The present invention relates to a child-resistant air freshener container for containing scented odor-neutralizing beads or other fragrance materials that absorb surrounding odors and diffuse a pleasant fragrance into a surrounding environment and, more specifically, to a bottle and cap locking mechanism that includes a gasket for allowing a person to initially open and unseal the freshener bottle and then fully lock the cap onto the bottle to prevent a child from being able to access the odor-neutralizing beads contained therein once the seal is removed.
Air freshener containers that contain odor-neutralizing beads are often used in laundry rooms, bathrooms, and other rooms and locations throughout a home, office and other locations where a candle may be inconvenient or where an air freshener device is preferred. Some individuals prefer to use air freshener containers utilizing odor-neutralizing beads as compared to other air freshener devices widely known and used such as candles, reed diffusers, or plug-in air freshening devices.
Air freshener containers utilizing odor-neutralizing beads typically include a threaded bottle or jar for engaging corresponding threads on a bottle cap or closure lid and a removable seal covering the beads and fragrance oils typically housed within the bottle. The bottle cap is typically threadedly engaged to the bottle over the removable seal when packaged for sale and requires, the user to remove the cap and then remove the seal before use. A typical air freshener container includes a bottle cap threaded on its inner wall for engaging the corresponding threads on the outer wall of the neck of the bottle. The bottle cap includes a plurality of vent holes for allowing the scent of the odor-neutralizing beads to emanate from the bottle. The removable seal helps to prevent the odor-neutralizing beads within the bottle from drying out and losing their fragrance before use, and it likewise further prevents the fragrant oils contained within the bottle from leaking before use. By removing the seal, the odor-neutralizing beads begin to diffuse the pleasant fragrance to the surrounding environment. As a result, before a typical air freshener fragrance container can be activated, the cap or closure member must be removed and re-engaged with the fragrance bottle after the seal has been removed.

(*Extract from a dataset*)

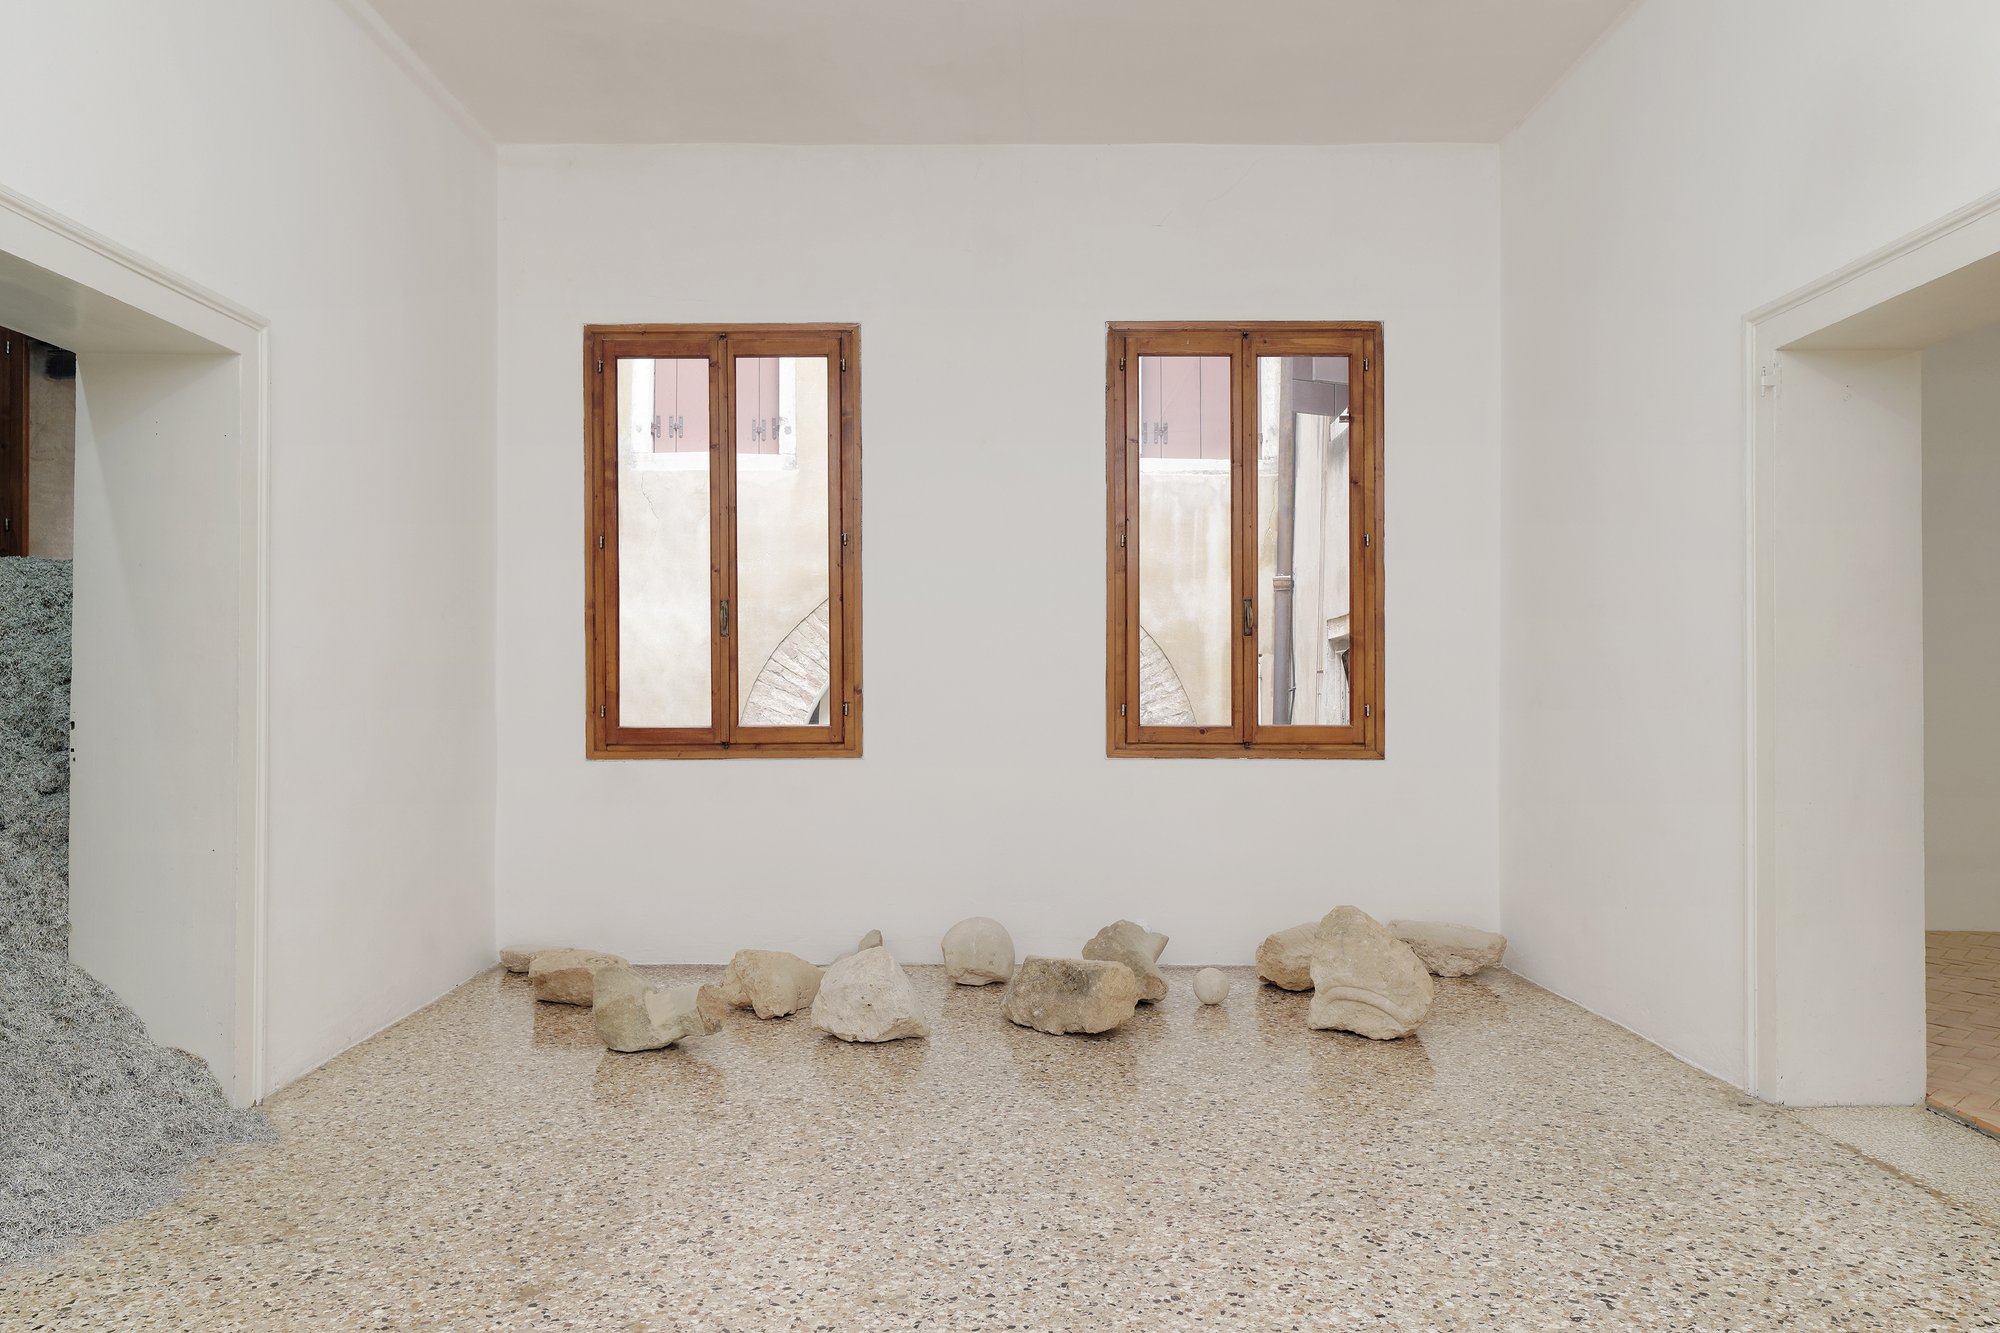 Christodoulos Panayiotou, Installation view, Two Days After Forever, Venice Biennale, 2015

Many child safety locks exist and are known in the art for securely locking a cap to a bottle so as to prevent children from accessing the contents of the container. Once the child safety lock is engaged, it is extremely difficult to reopen the container and, in some mechanisms, it requires breaking the mechanism to gain access to the contents of the container. For example, in some known air freshener fragrance jars, the stoplock mechanism is associated with both the fragrance bottle neck and the cap and when the cap is fully engaged with the bottle neck, the lock mechanism prevents the cap from being again removed to access the contents of the bottle or the seal if the seal has not been removed. This is not desirable. Also, fully engaging the child safety lock before removing the removable seal renders the air freshener container unusable unless one is able to poke holes through the seal via the vent holes in the cap. Even if this is possible, the full fragrance capacity of the container cannot be activated since only a small portion of the removable seal has been removed via the poking of holes therethrough to allow the fragrance to pass therethrough.

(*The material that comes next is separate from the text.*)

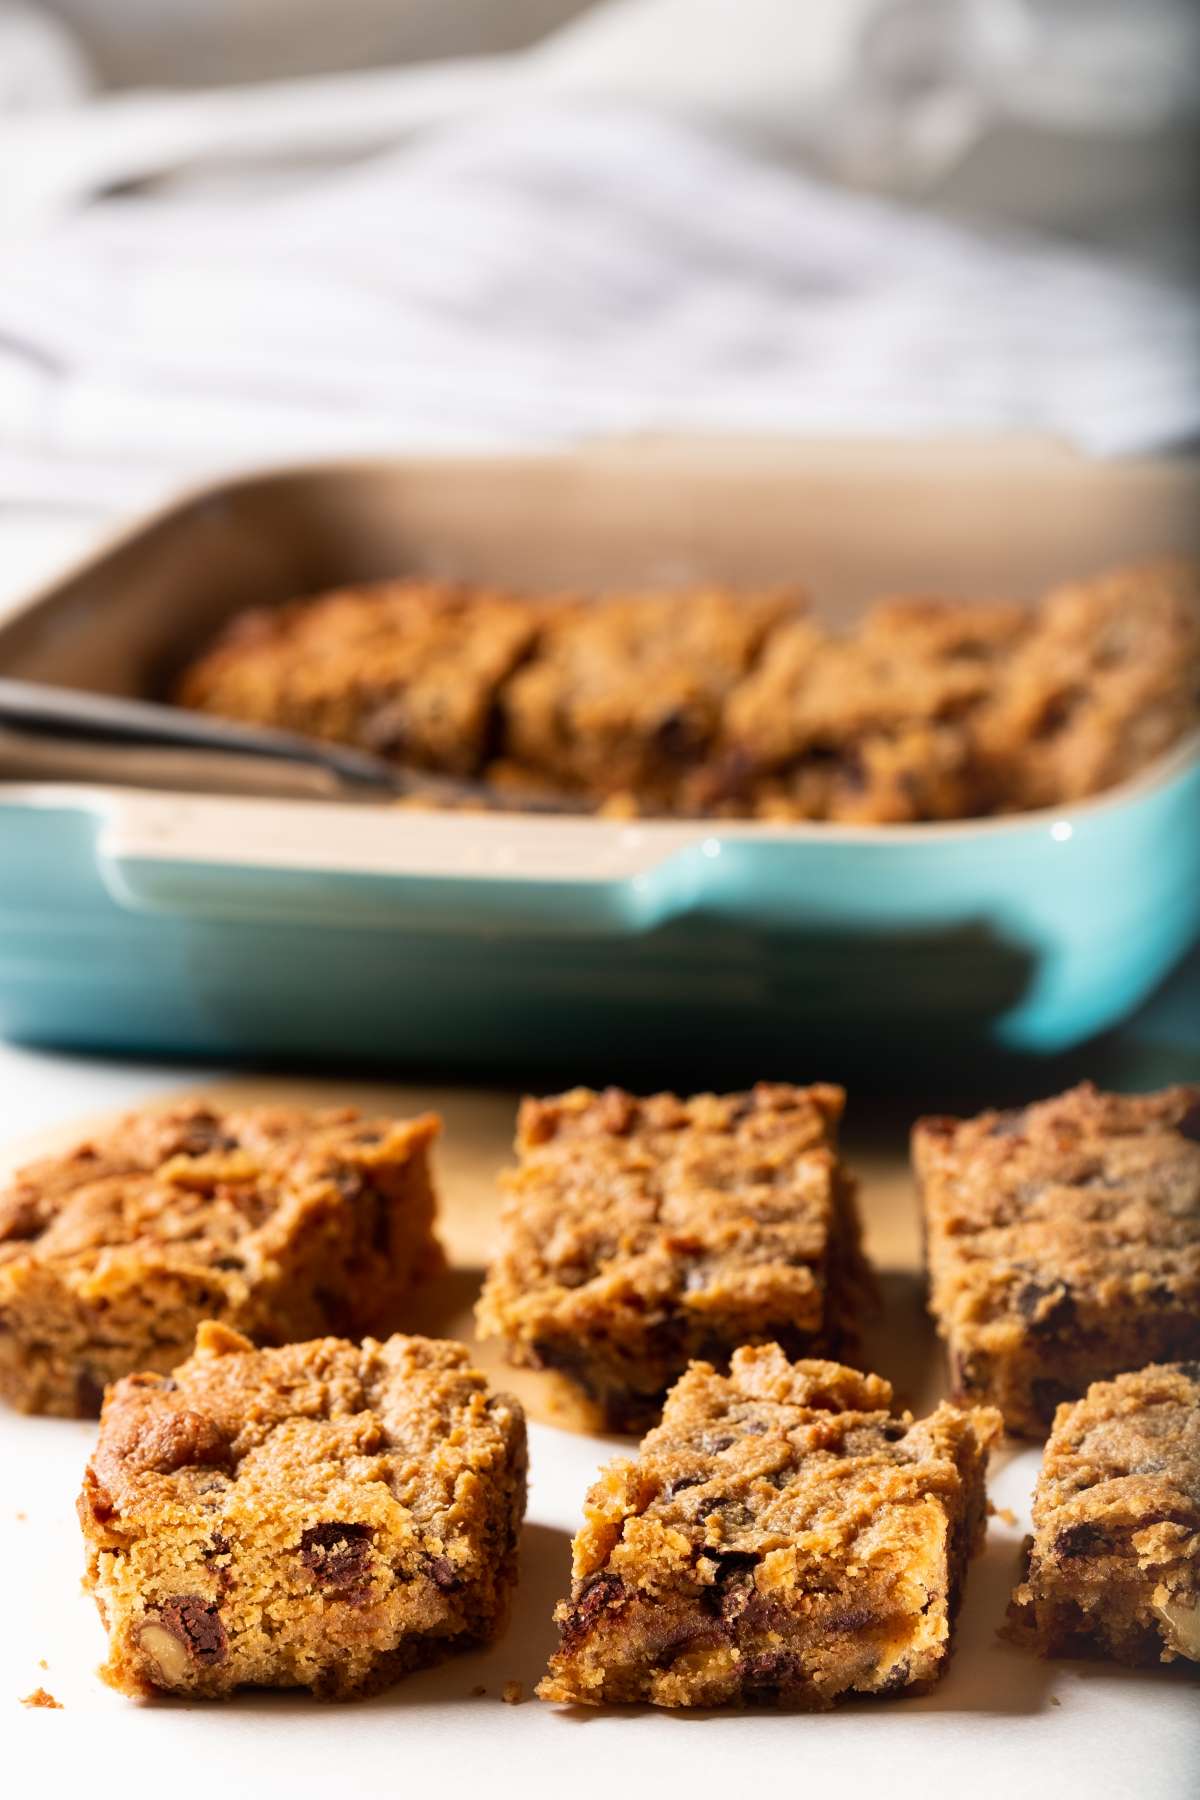 BROWN BUTTER BLONDIES WITH CHOCOLATE CHIPS AND WALNUTS

A child lock mechanism is therefore desired that still allows the bottle cap to be securely locked to the bottle with the removable seal in place but without engaging the child safety lock, then allows the cap to be removed to provide access to the removable seal for removal thereof, and then further allows the cap to be re-engaged to the bottle neck so as to engage the child safety lock. This solution should be simply designed, inexpensive, and easily manufactured.